Insurgency, banditry: Nigeria technically at war, says Senate

A Senate ad-hoc committee has concluded that Nigeria is technically at war considering the mounting security challenges facing it.

However, as part of efforts to find the solution to the insecurity in the country, the Senate will tomorrow discuss the recommendations of its committee on security and take a definite stand on addressing the menace.

A 17-man Senate Ad-hoc committee on nation’s security challenges, headed by the Senate Leader, Senator Yahaya Abdullahi, in concluding that the country is technically at war, called for simultaneous operations by security agencies to dislodge the bandits, terrorists, and criminals from their hiding places.

According to the recommendation of the committee, which was inaugurated in February by the President of the Senate, Dr. Ahmad Lawan, there is a need for national mobilisation “to immediately overcome the resurgent Boko Haram insurgency and the murderous atrocities of bandits, kidnappers in Nigeria’s rural and urban space.”

It, therefore, suggested the appointment and support of local/traditional authorities in local communities by re-building residences, school, clinics, roads, police stations, and barracks, that where destroyed by bandits “in order to root out the twin evils of kidnapping and banditry, which are beyond politics because they pose an existential threat to the nation.”

The committee stressed the need to adequately equip troops to serve as a counterforce to the activities of Boko Haram insurgents.

“With the insurgents using cheap commercial drones to survey our troop positions for attack planning, it is only a matter of time before they use their ISIS connections to weaponise them with explosive payloads similar to what ISIS is using with devastating efficiency in Syria, Iraq, and Kurdistan.

“It is therefore imperative that the Army be equipped with drone detection and incapacitating technology in the form of anti-drone systems, which can jam radio frequencies used to control drones, causing them to fall out of the sky uncontrollably or even utilise laser beams to burn aerial drones causing internal systemic failure.

“Fixed systems covering large areas can be used to protect barracks, super camps, stadia, VIP venues while vehicle-mounted mobile systems can accompany troops provided ad-hoc protection. There are also portable units in the form of jammer rifle that can incapacitate drones from long distance for on the move protection,” it said.

The committee also called on the air force to assert its aerial capability towards bombing identified cells of insurgents and bandits.

“As a matter of necessity, the air force must assert its superiority in the skies by embarking on constant and debilitating air raids on insurgent and bandit camps and supply channels to ensure near complete annihilation of men and resources and wipe out their capacity to regroup or coordinate their cells for combined aggression.

“The same aircraft can be used to provide close air support for ground troops and deployed for intelligence gathering, search and reconnaissance. We must find a vacuum filling alternative for the super Tucano order for immediate deployment as it is apparent that the unending delays and the new delivery date of 2022 for the US orders may simply be another ploy. There are alternative high endurance turbo pumps within the eastern bloc that can fill in the gap,” it added.

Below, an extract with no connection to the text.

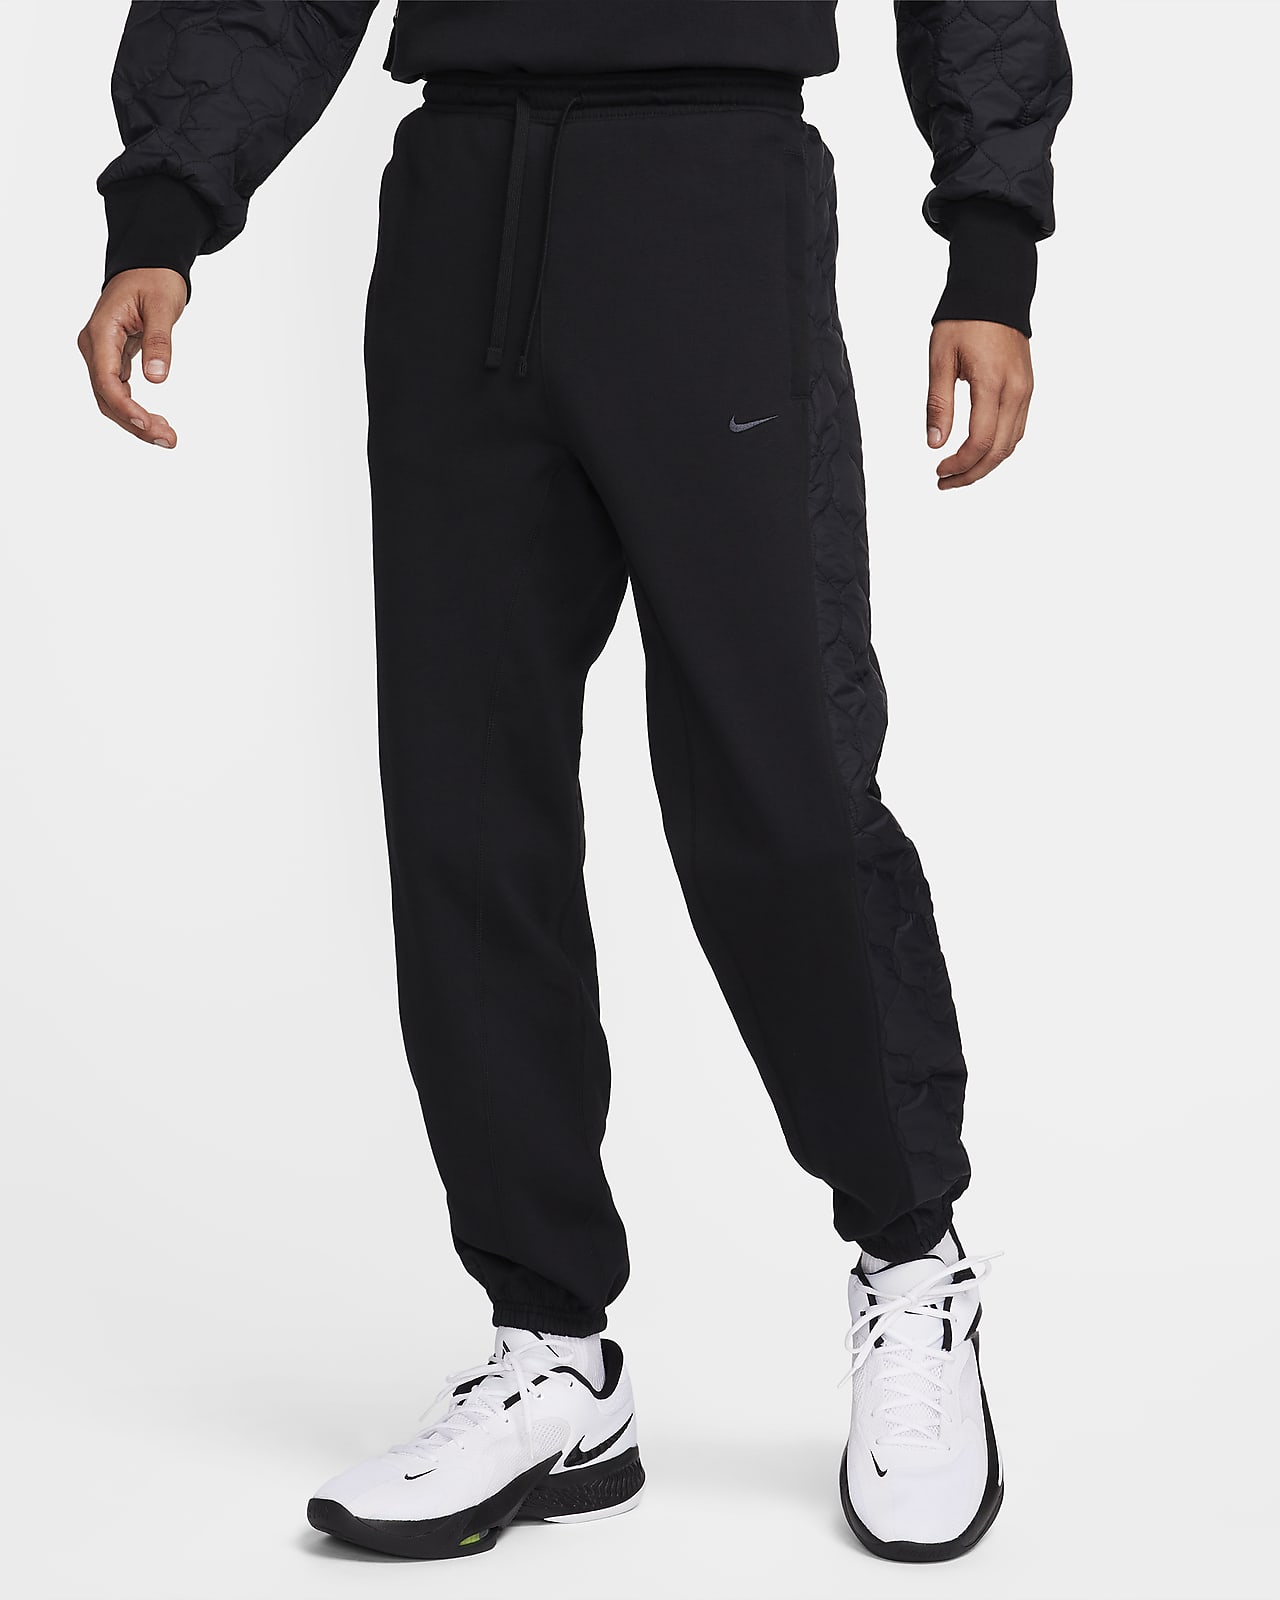 Nike Standard Issue Men's Basketball Pants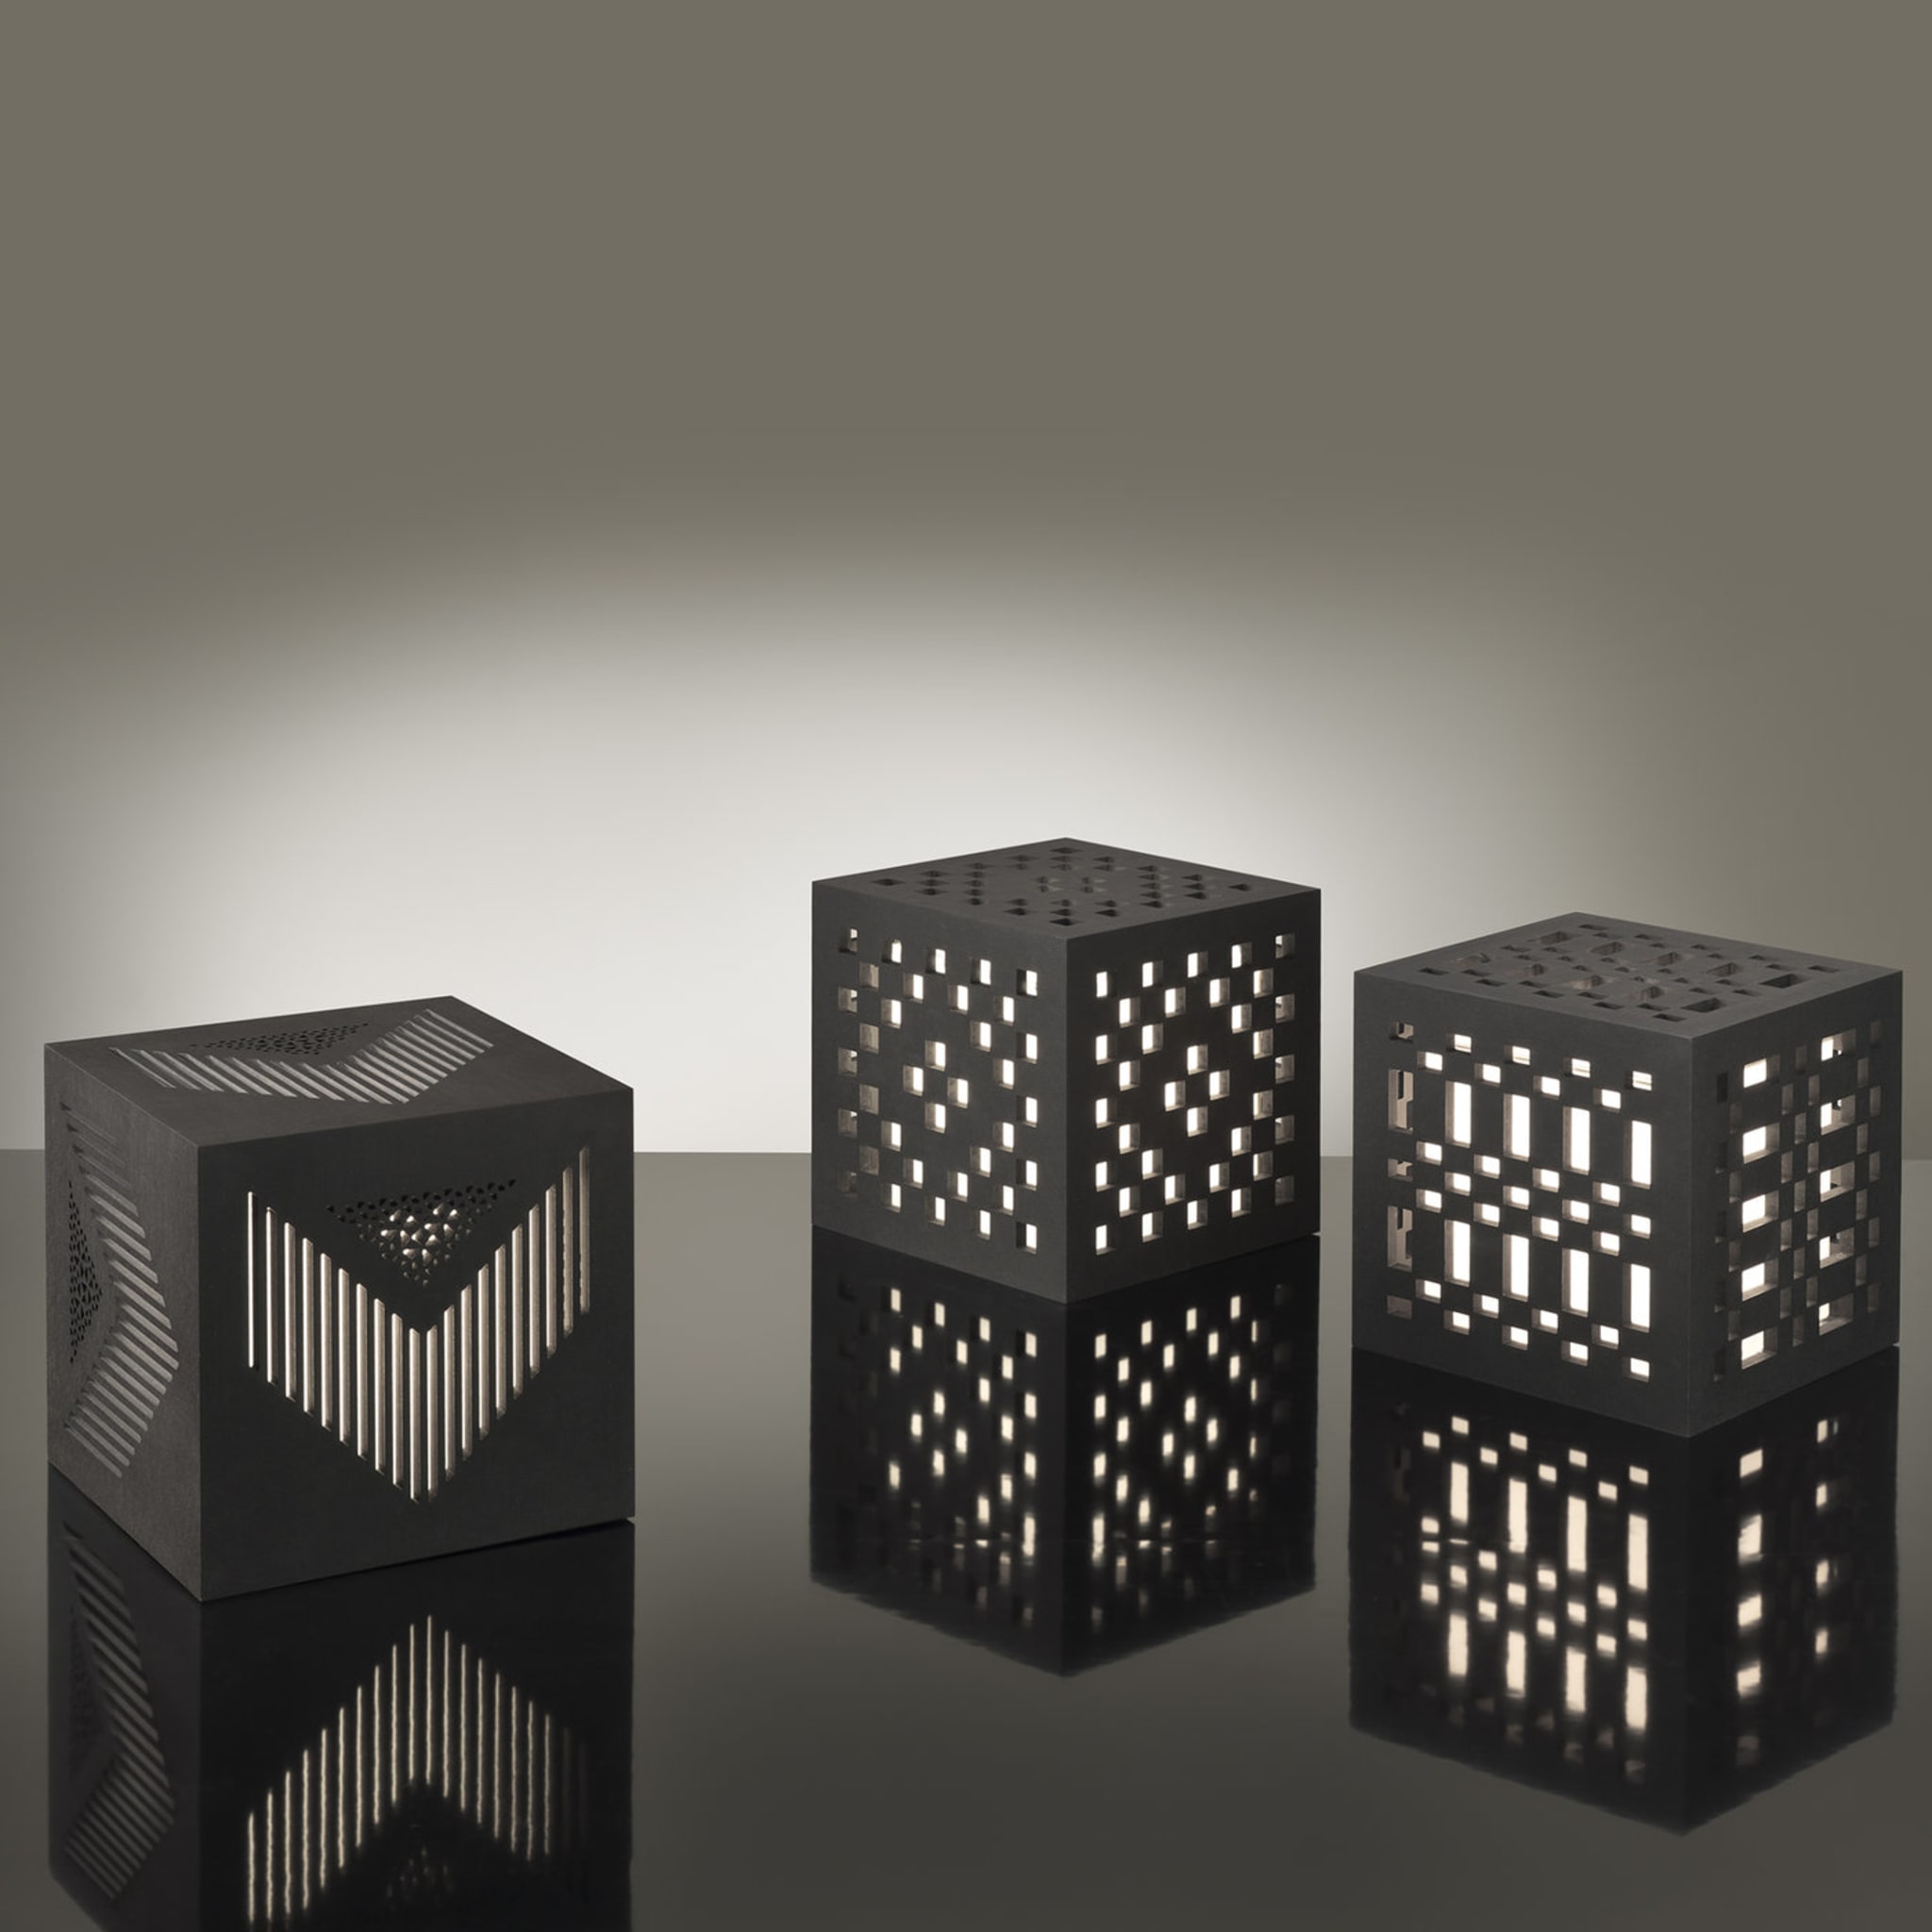 Istella Rombi Cube with Light - Alternative view 1

The committee also recommended that all joint operations should be carried out strictly in accordance with extant operational procedures provided in the Armed Forces Act.

It advised the federal government to fully pay allowances to officers and men involved in operations; introduce effective insurance scheme, gratuity and pensions; as well as set up a National Defence Fund backed by legislation, into which all Nigerian adults and businesses should make contributions for revival and investment in the National Defence Industry.

The Senate will tomorrow at plenary debate all the aforementioned recommendations and take a position on the matter, which will then be forwarded to the executive for implementation. – Thisday.